4. On 718 (“To burn always with this…”), how does Pater the Oxford lecturer (he was a fellow of Oxford’s Brasenose College from 1864 until his death in 1894) define “success in life”? How does the metaphor of an intense, “gemlike” flame help us understand the nature or quality of the aesthetic experiences he promotes as the real point of life? How, in addition, do you interpret his remark that “our failure is to form habits”? Why are “habits” so destructive to Pater’s proposed quest to seeand feel with the requisite accuracy and intensity?
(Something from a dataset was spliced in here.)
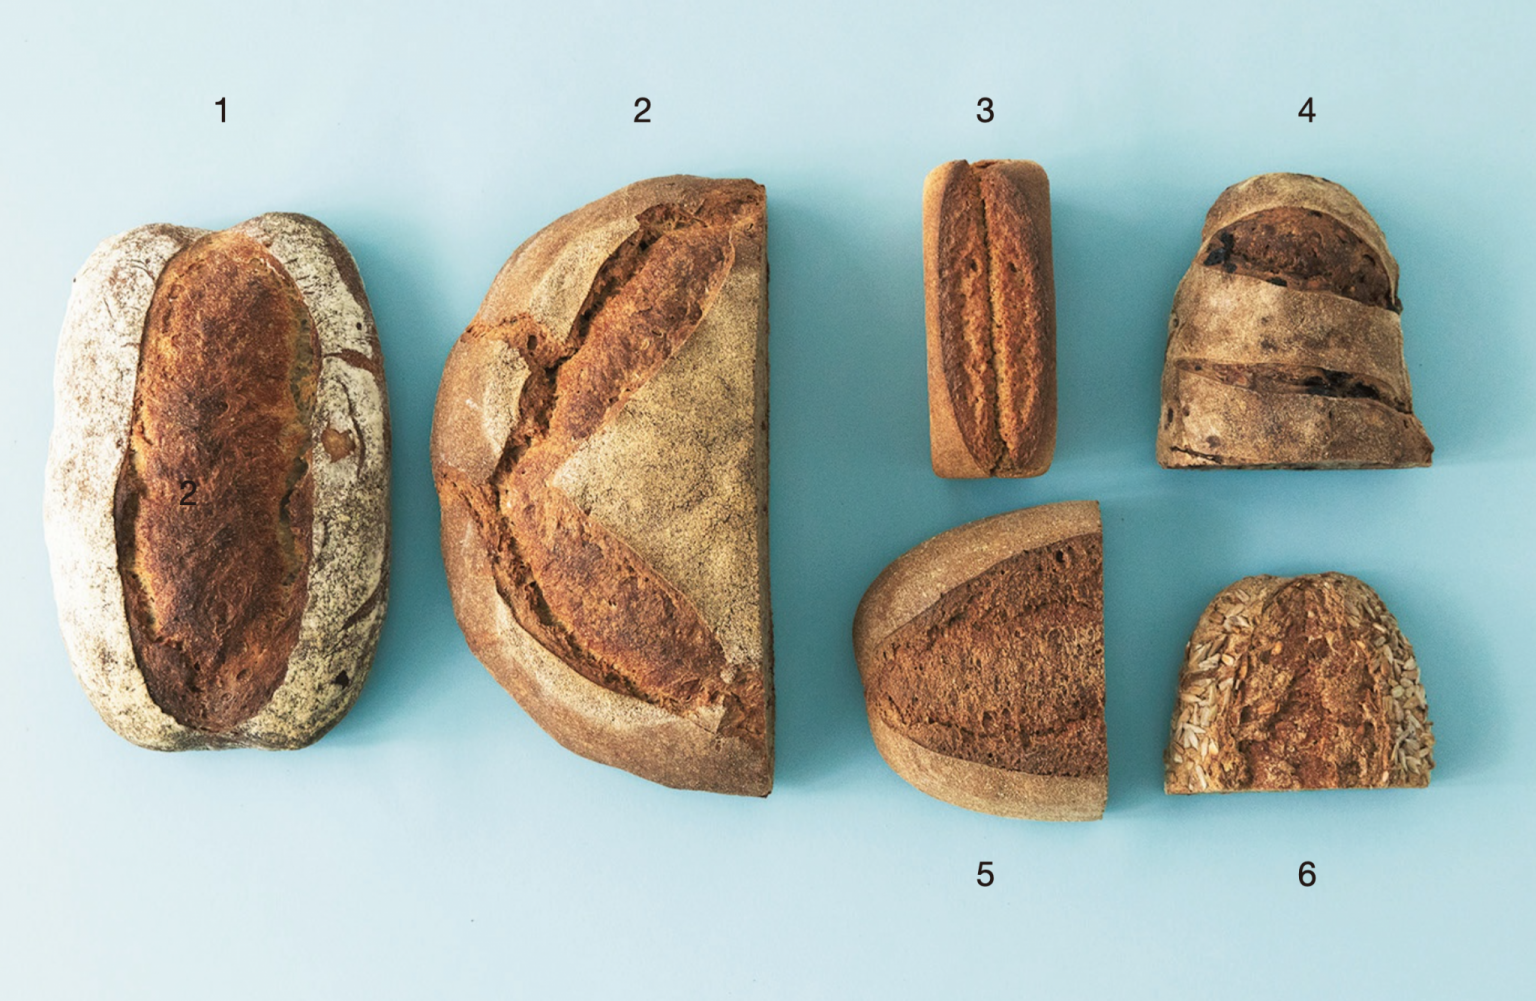 おまかせ便（5,000円セット、税込）。1.白いパン、2.茶色いパン、3.パンブリオッシュ、4.くるみとレーズンのパン、5.黒いパン、6.ひまわりのパン。葡萄種とホップ種を使用した白いパンは食パンのよう。パンブリオッシュは地元の〈あすなろファーミング〉のバターを使用する贅沢さ。茶色いパンは自家製粉20%のカンパーニュ。黒いパンは自家製粉した全粒粉100%。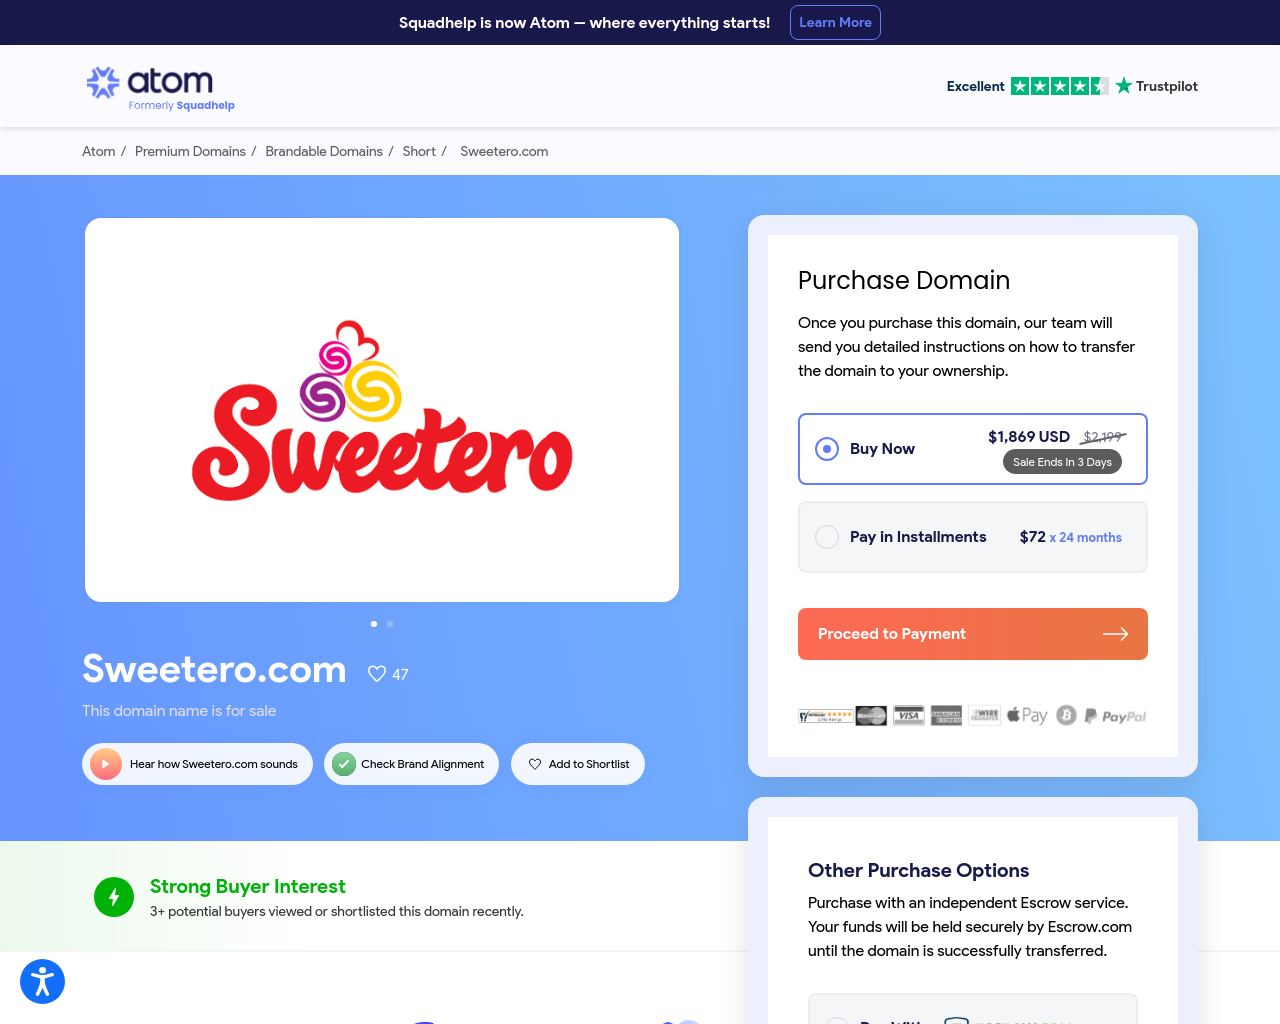 sweetero.com

To what extent does Pater find philosophical inquiry useful, and how does his rhetoric in this passage greatly privilege personal and artistic experience over studies of any kind of “theory or idea or system” that might compete with that experience for our attention?
5. On 718-719 (“One of the most beautiful passages…”), how does Pater combine his thoughts about aesthetic experience with the ancient Horatian imperative, carpe diem or “seize the day.” (The phrase occurs in Horace’s Odes 1.11: dum loquimur, fugerit invida aetas: / carpe diem, quam minimum credula postero; “while we talk, envious time shall have taken flight: / seize the day, and think as little as you can of the time to follow.”) In what sense, however, does Pater modify this focus on the pleasures of the moment by making the goal of the aesthetic life the attainment of “a quickened, multiplied consciousness” (719)? In other words, what hierarchy of experiences does this final paragraph imply for those who want to follow Pater’s advice and maintain the intensity and quality of experience he counsels as the aim of life?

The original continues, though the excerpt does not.